Still, there's no peep from ABC or George about the "why" for the apparent ban on brown. That void was made more obvious this morning when George and his fellow white panelists discussed Sen. Obama's difficulty with Hispanic voters in the Democratic primaries and how that boded for him in the fall. The NYT in a Sunday political analysis had stated Latino voters are high on the Obama and Sen. McCain lists of "must covet".
The conclusions reached by the panelists about who and what would attract Latino voters -- more than two-thirds of which are Mexican-American in key battleground states -- were shallow and off target. They along with George probably don't know the difference between Menudo and Mentholatum, except for Sam Donaldson who farms in New Mexico. But that's all "This Week" and George believe Hispanics are due.
(But I love Cokie Roberts. She is intelligence, steel, class and beauty. And she called me back a decade ago when I was writing a column concerning a comment she made on "This Week".)
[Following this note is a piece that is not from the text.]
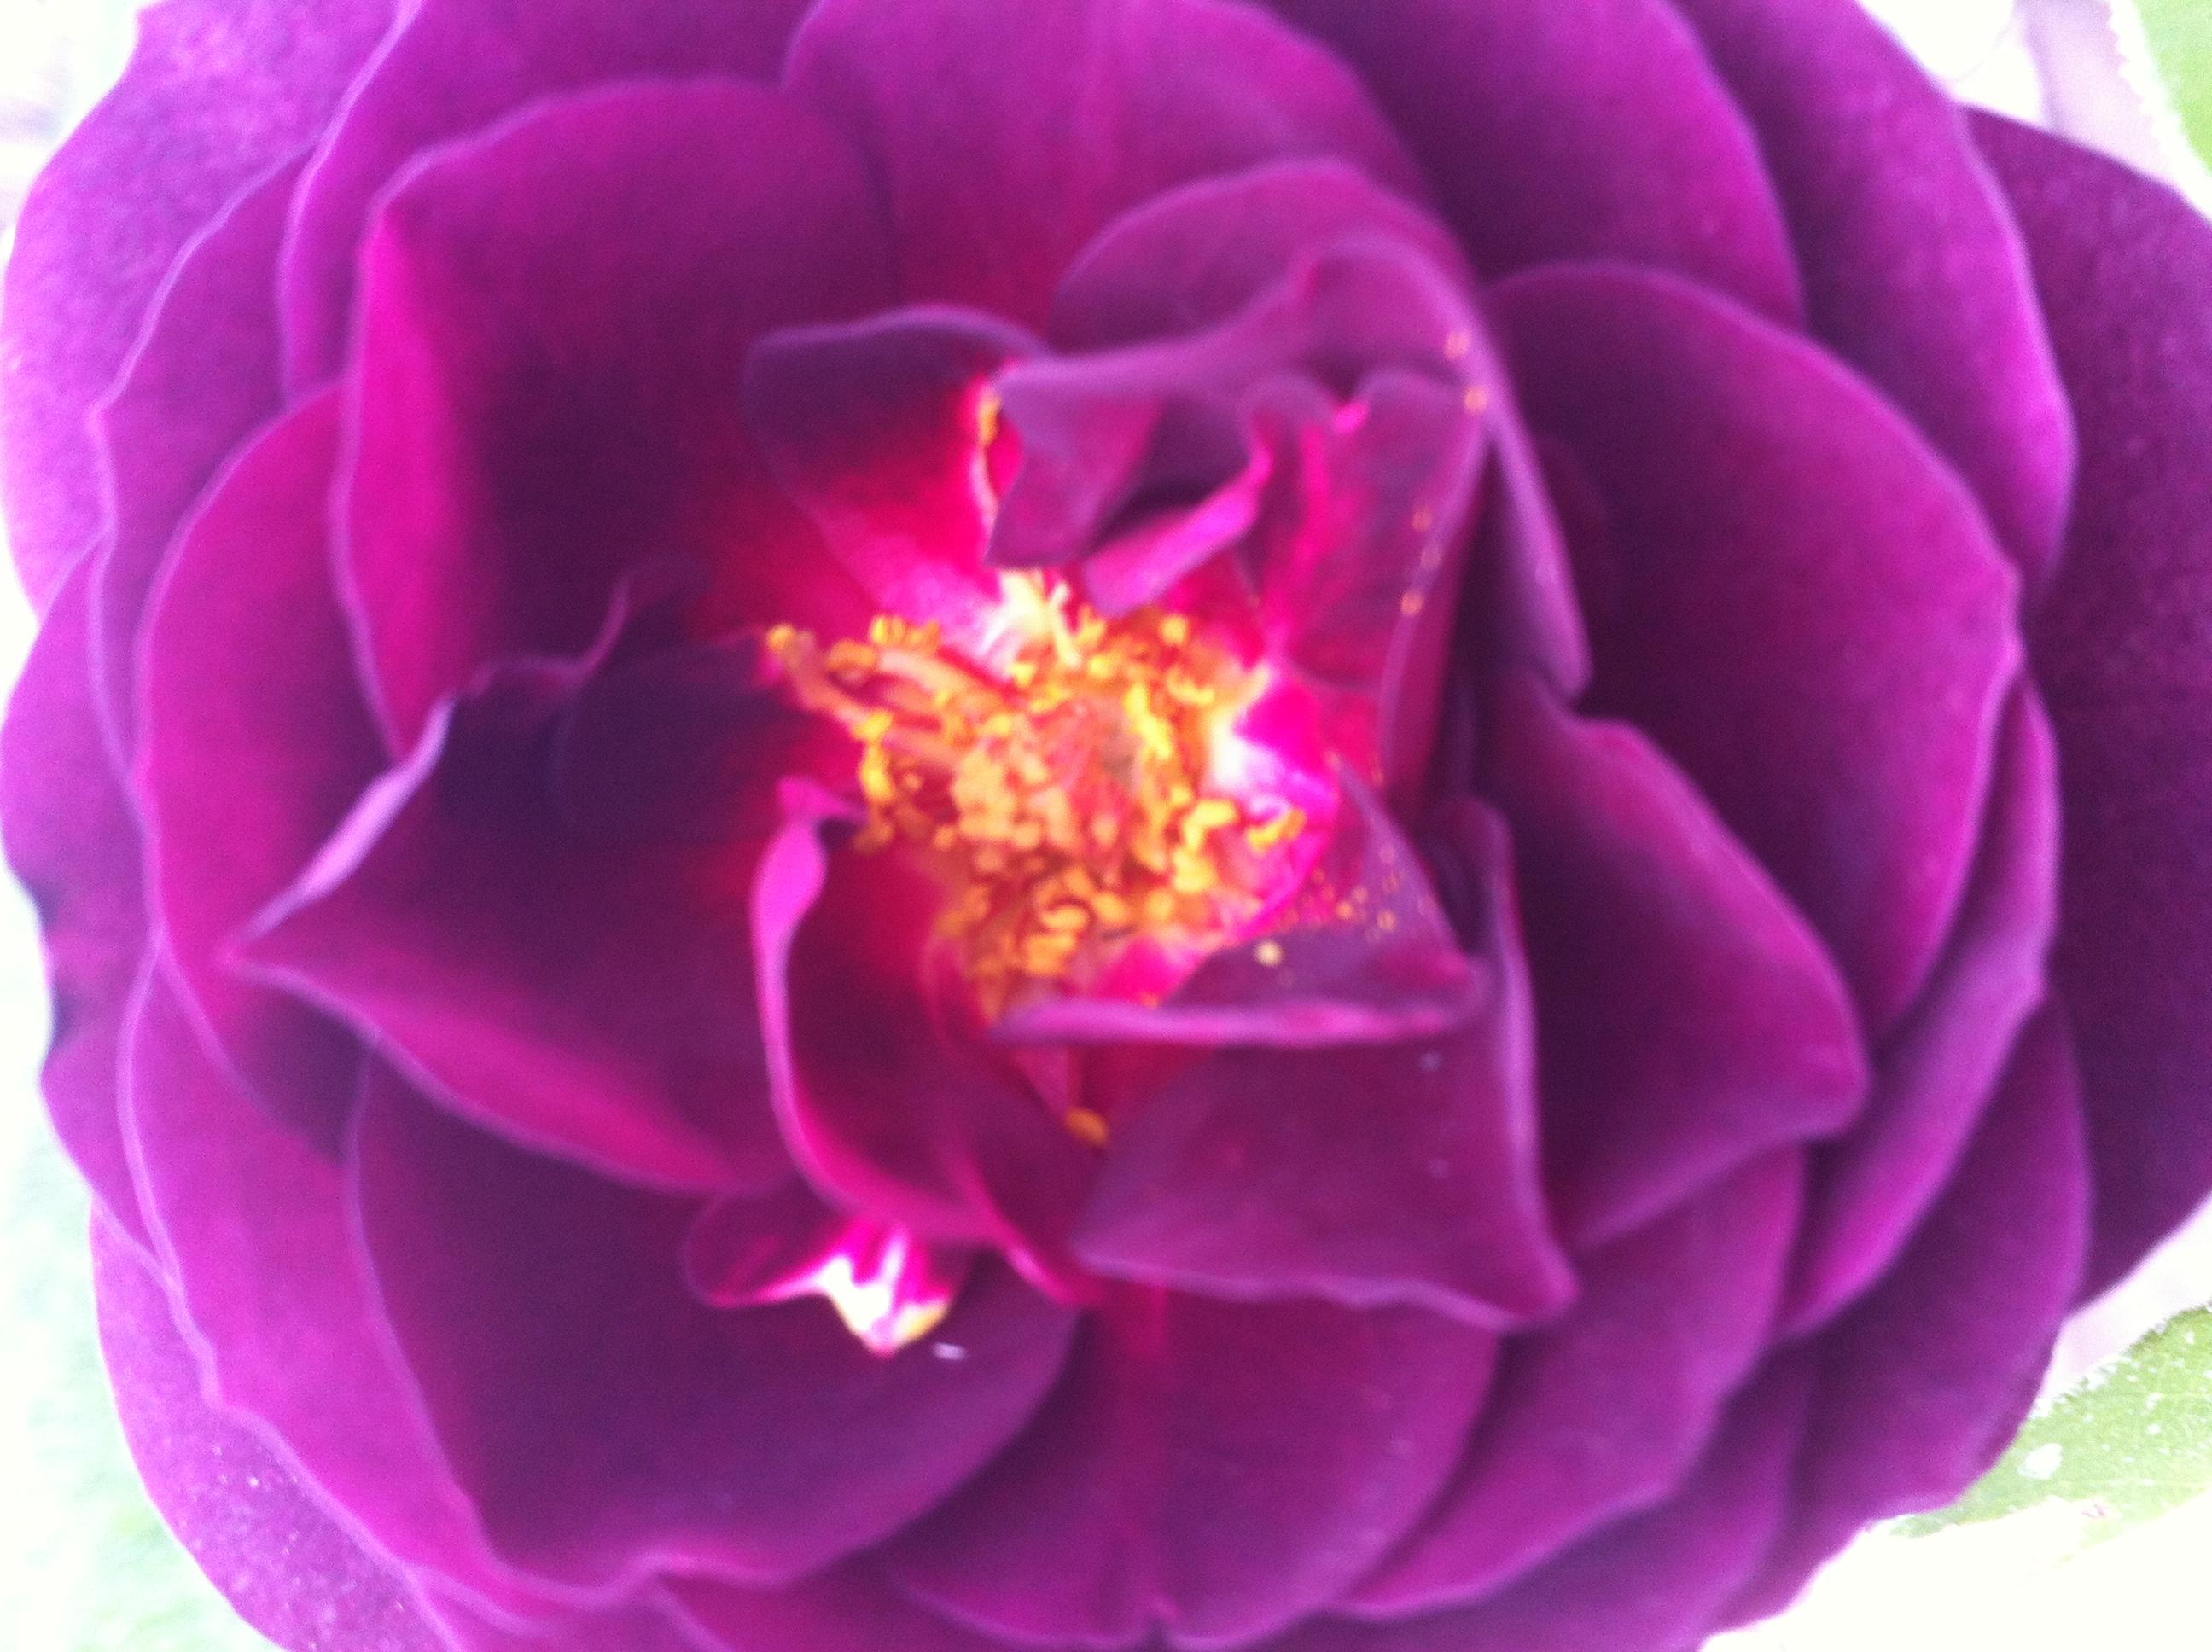 First rose #nofilter #rose #flower #bloom
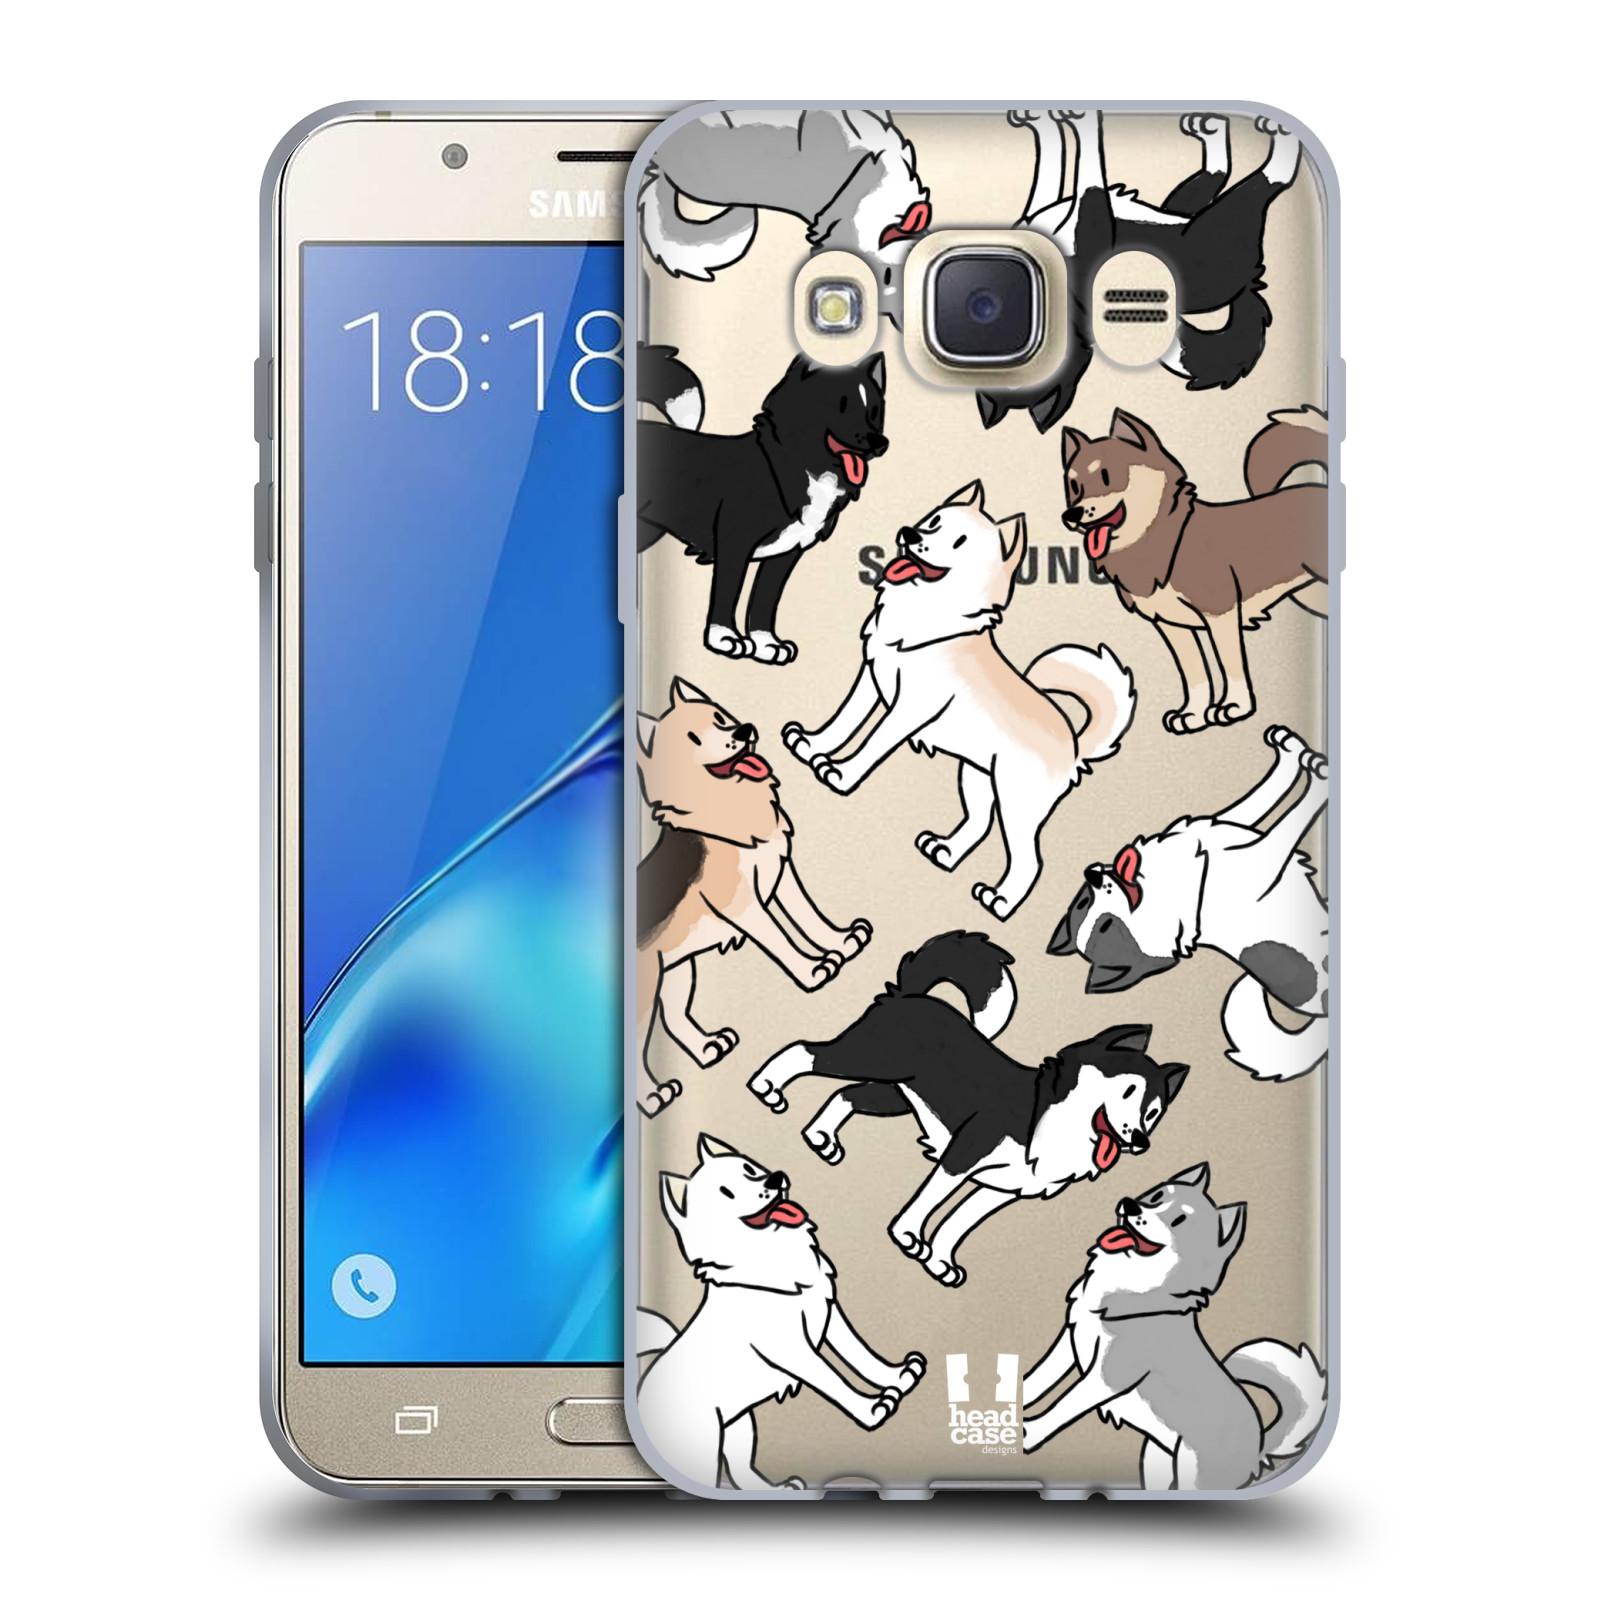 HEAD CASE silikonový obal na mobil Samsung Galaxy J7 2016 pejsek Sibiřský husky

Luckily, Latino newspapers across the nation continue to pick up my original column on the apparent ban on brown that was published last month by Hispanic Link News Service out of Washington, D.C. and distributed by Scripps-Howard News Wire. El Reportero in San Francisco and El Planeta in Boston are the latest publications to put "This Week" and George on the spot.
Hispanic Link founder Charlie Ericksen did a great edit on my column from his 60 years of journalism experience including a few decades inside the Beltway. He shares in the frustration of Hispanic journalists being ignored and the issues of Hispanic voters being disrespected and unreported.
I don't mean to pick so much on George. He really has had a bad 64 days. He and Charlie Gibson became the Abbott and Costello of American political journalism with their handling of the last Obama-Clinton debate.
Then George's performance on a town hall meeting he moderated for Sen. Clinton before the Indiana primary was something out of Monty Python. He didn't know whether to sit or stand when Clinton rose to make her points to the audience. Then she threw him and any kind of journalistic independence he possesses to the wolves when Clinton noted how she and George opposed NAFTA in the White House. How cozy.
But my questions still remain as to what Hispanic journalists and experts of note have to do to break the apparent enthnicity barrier on "This Week". Do you have to be a FOG, Friend of George, and have lunch with him a minimum of once per four weeks? What's the criteria for appearing on the panel? There are Hispanic Pulitzer Prize winners and nationally syndicated political columnists available. And that does not include me. I'm nowhere near their class.
So George and Andrea, I'll keep waiting. If you as a viewer of ABC-TV programming would like to try where I've failed, contact Andrea by e-mail at Andrea.M.Jones@abc.com.
Don't ask for George. He's always not available. And George Lopez's show got cancelled.